5月15日には、東京・南青山「ブルーノート 東京」でのライブが控える(写真=事務所提供)
5月15日には、東京・南青山「ブルーノート 東京」でのライブが控える(写真=事務所提供)

 そんな熱心なファンに惜しまれながら、2015年2月、「白夜の誓い/PHOENIX 宝塚!!」東京公演千秋楽をもって、宝塚を退団した。音楽学校時代から合わせると、17年間の宝塚生活だった。

「悔いはなかったですね。まだ早いと言われたりもしましたけど、宝塚歌劇100周年のトップも務めて終えることができました。
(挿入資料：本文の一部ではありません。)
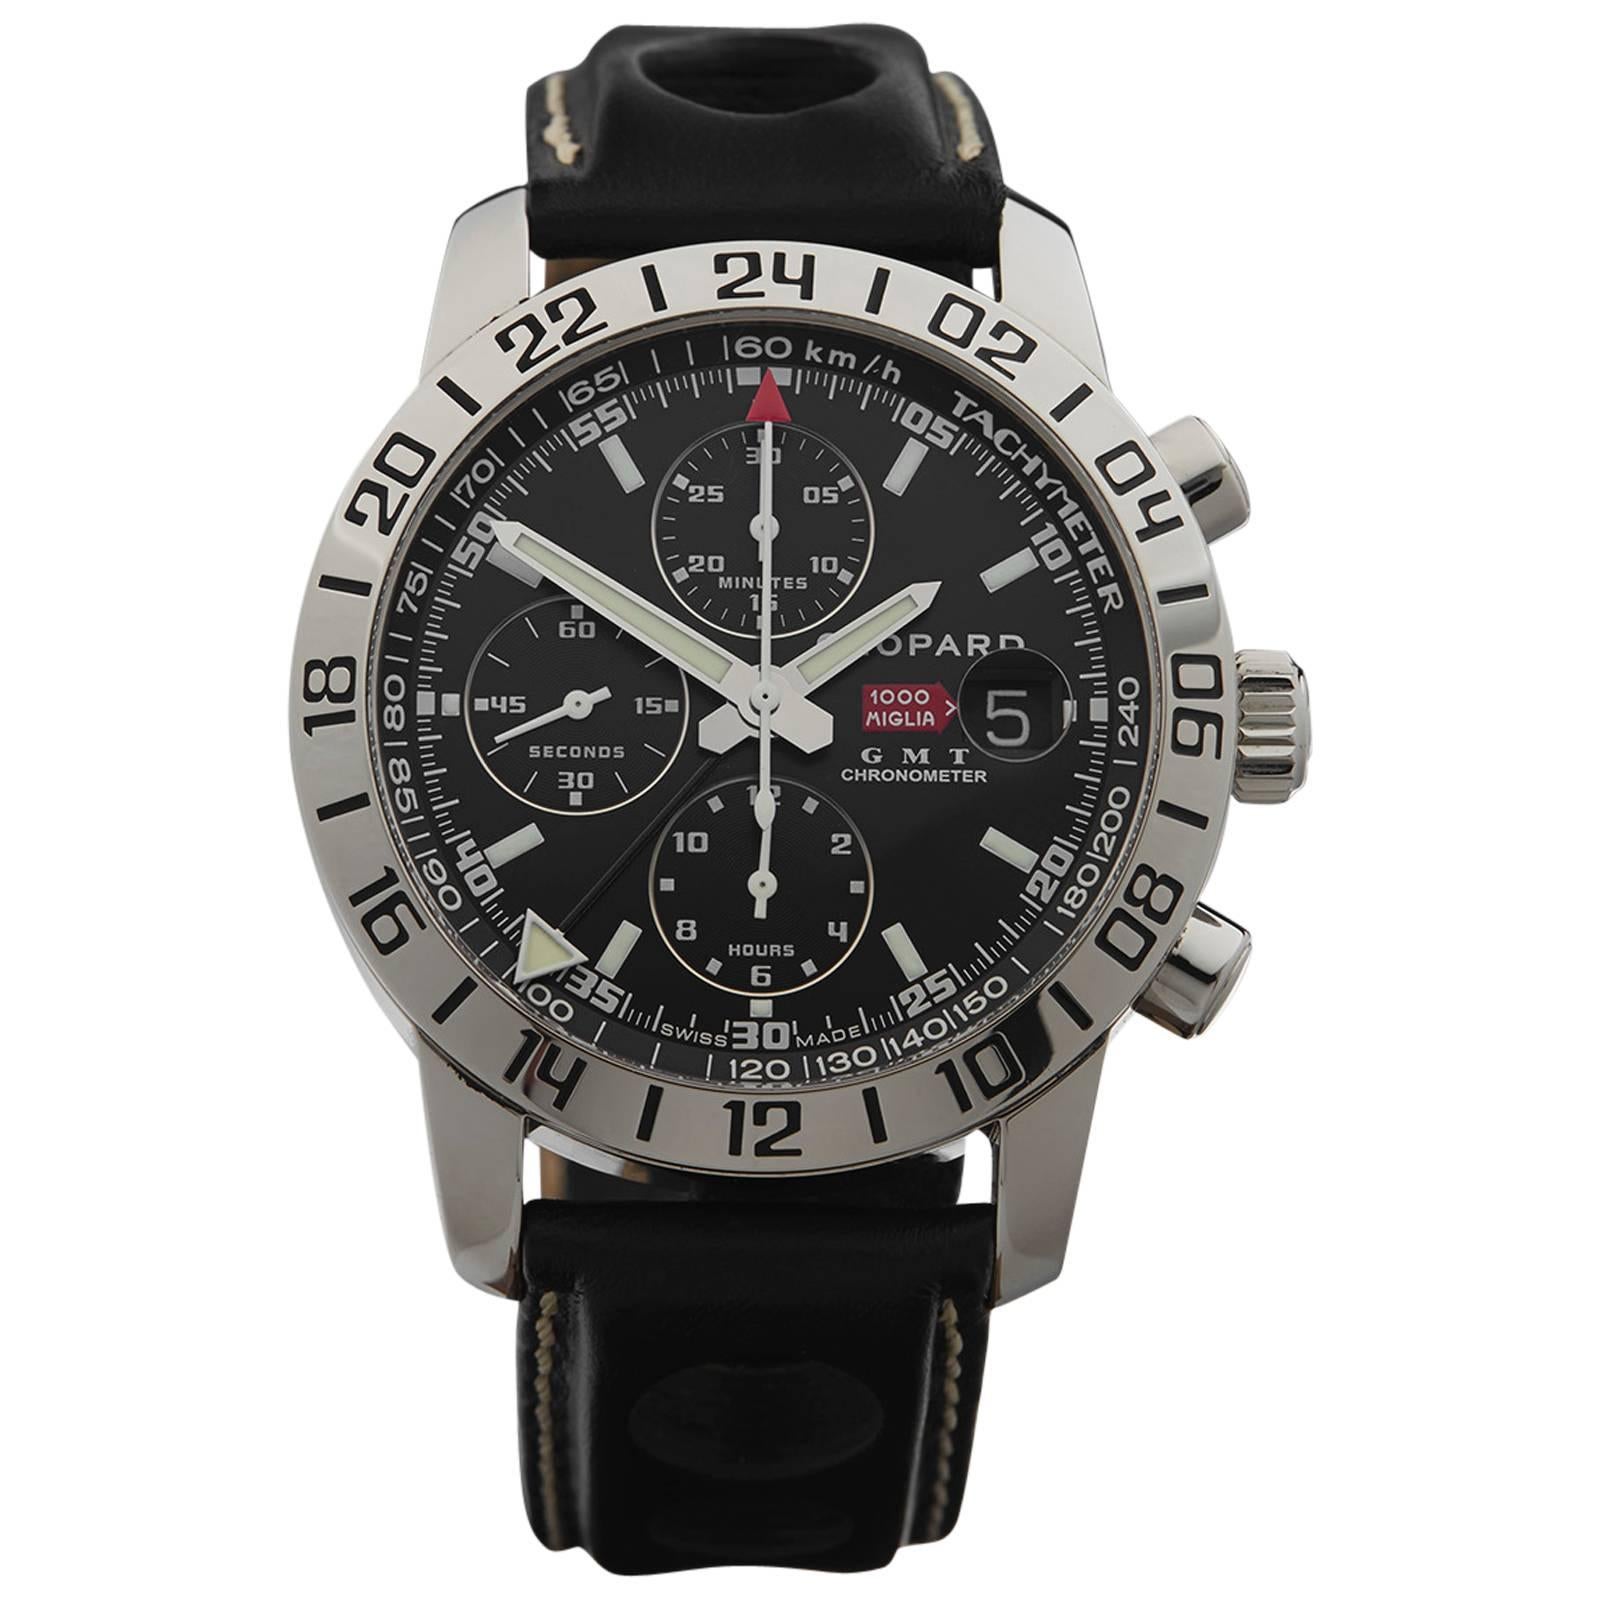 Chopard Stainless Steel Mille Miglia GMT Chronograph Automatic Wristwatch

いろいろな人に祝福され、惜しまれて辞めたいと思っていたので、いいタイミングだったと思います」

 退団後は、舞台やドラマ、映画と幅を広げて活躍している。

 昨年12月に亡くなった神田沙也加さんともミュージカル「1789―バスティーユの恋人たち」で共演した。

「沙也加さんは、すごく役に没頭する人でした。純粋で一直線に考える人。私に作品の演出に関する感情をぶつけてきたこともあって、共感できるところが多かったですね。舞台が終わってからも、私の舞台を見に来てくれたし、私も沙也加さんの舞台を見に行ったりと、交流がありました。時々はメールもしていましたから、一時は考え込んでしまいましたね」

昨年は米倉涼子主演の人気ドラマ「ドクターX~外科医・大門未知子~」(テレビ朝日系)にも出演した。
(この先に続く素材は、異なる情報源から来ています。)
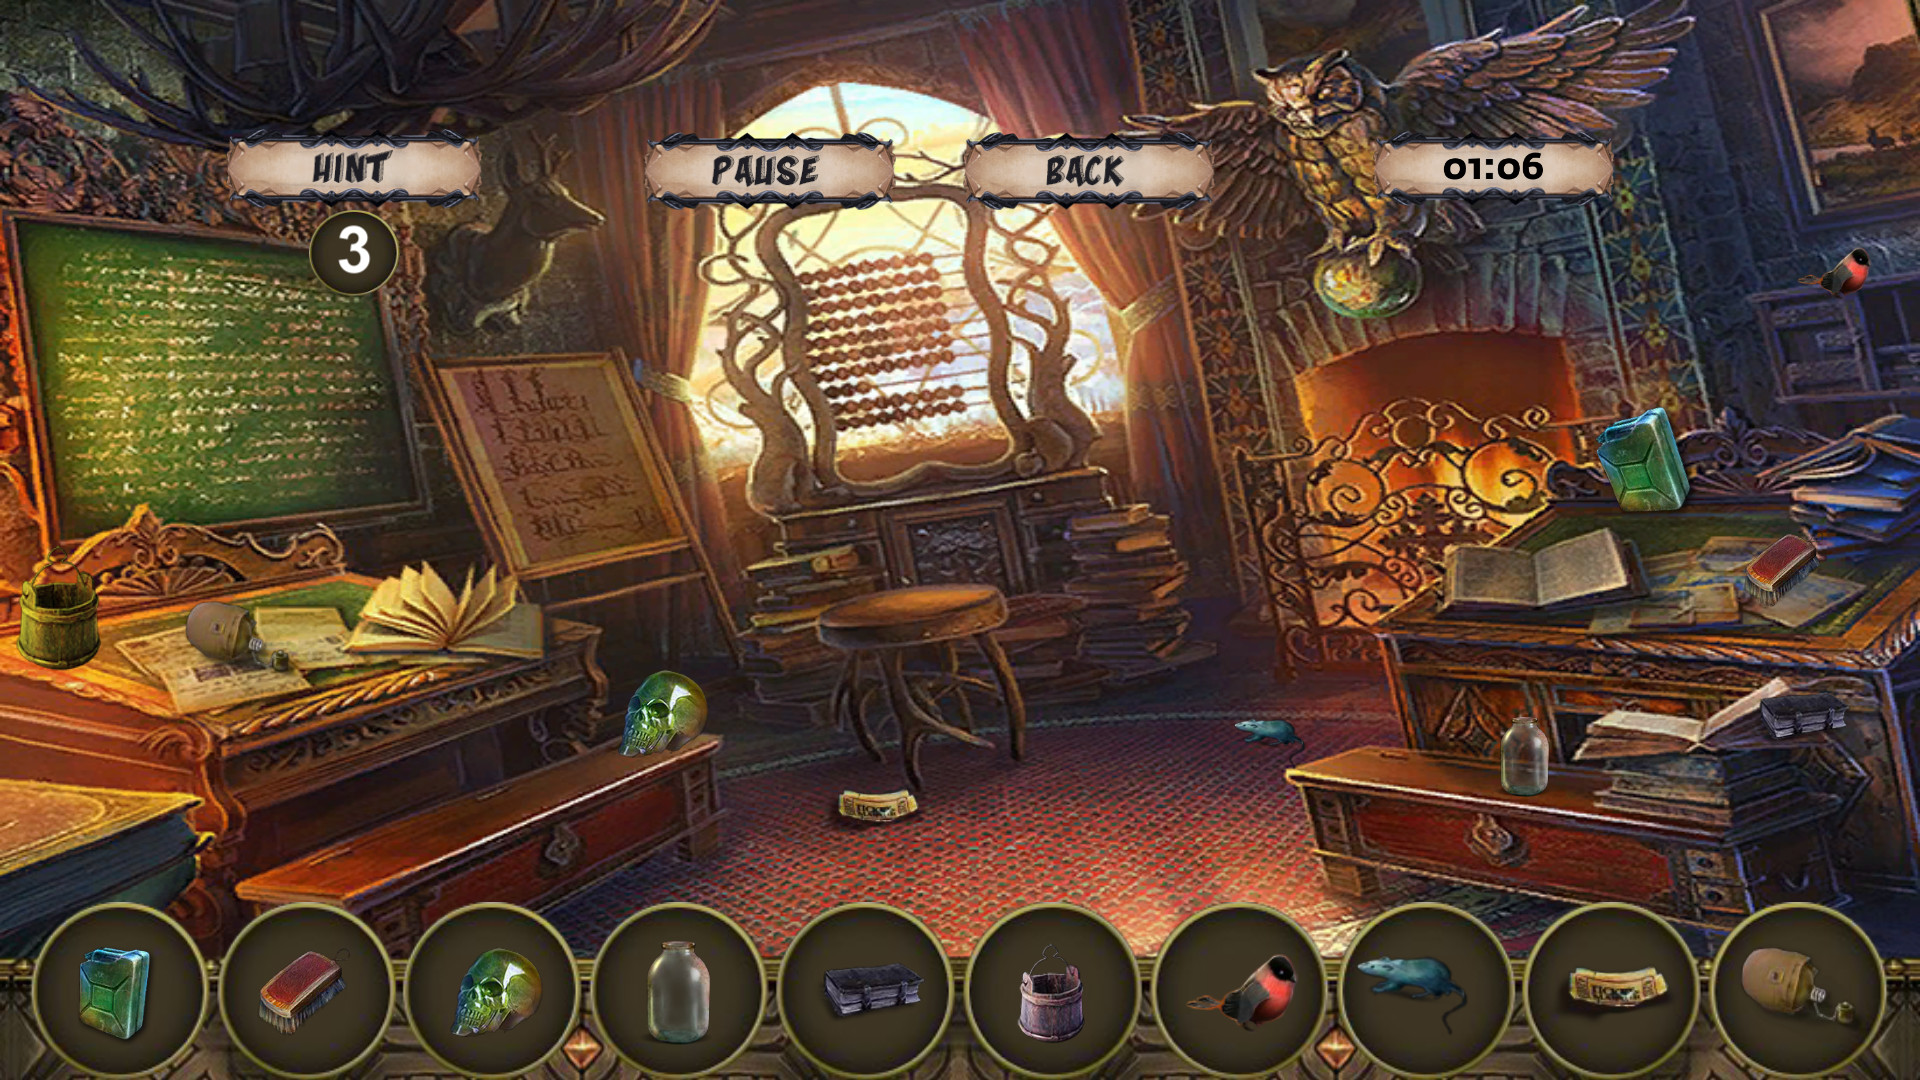 Unexposed: Hidden Object Mystery Game instal the new version for windows

「私は大門未知子の大ファンで、全シーズンを録画して、何回も見ているので、どんな手術をしたかも全部覚えています。米倉さんと2人でお芝居するシーンがあったんですけど、とても楽しかったですね」

 最後に、自身の恋愛観についても聞いてみた。多忙な日々のなかで、共演者と恋に落ちたりすることはあるのだろうか。
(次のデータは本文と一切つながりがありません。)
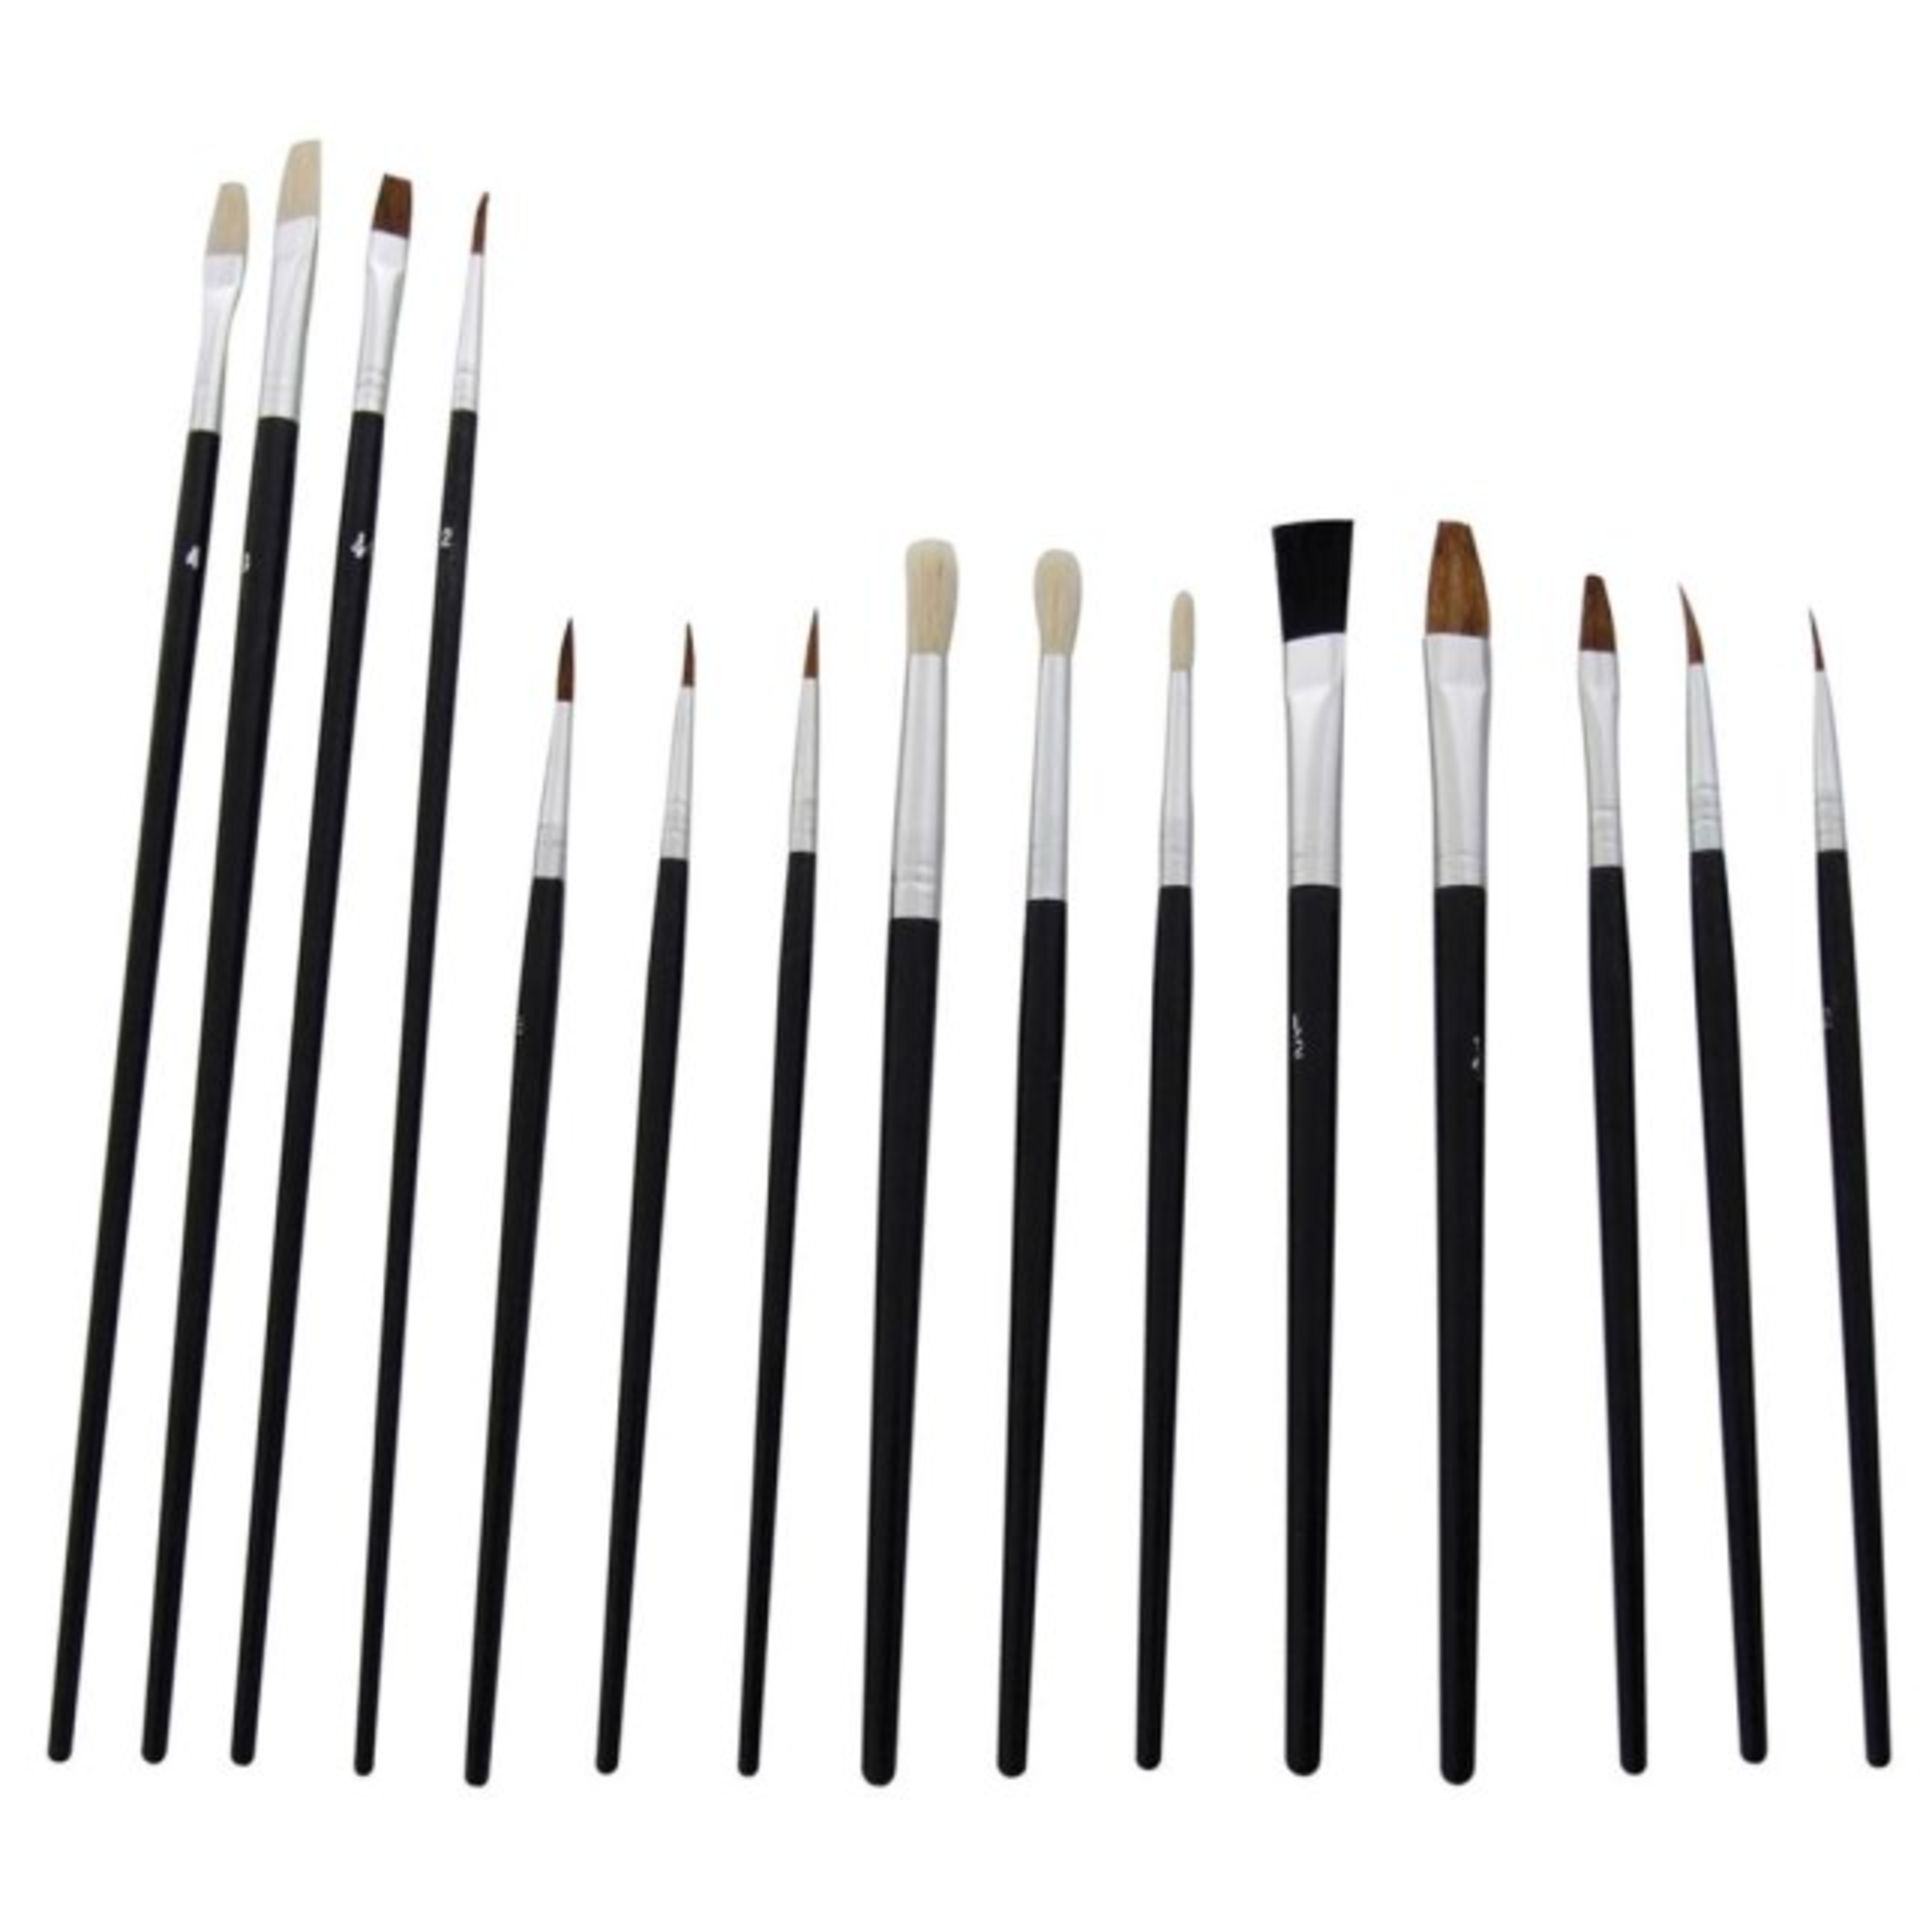 V Brand New Two Artist Brush Sets Being Suitable For Watercolours And Oils/Model Making Etc

「全くないです。夫婦役や恋人役を演じていても、実際にそういう関係になるのは、私は好きじゃないんです。演者として、その男性だけを見ているようでは芝居は伝わらないですし、どこかで冷静でなければいけないと思っています。もうすぐ40歳になりますけど、だから、いまだに独身なんでしょうね。事務所の社長からも、ファンの方からも心配されています(笑)。結婚は、良いご縁があったらとしたいと思いますけどね。気遣いのできる人がいいです。私は舞台で演じているときは周りが見えないくらい没頭してしまうので、それを理解してくれる人がいいですね」

 元宝塚トップスターだけが持つカリスマ性を武器に、より多くの人を魅了する役者になっていきそうだ。(AERA dot.編集部・上田耕司)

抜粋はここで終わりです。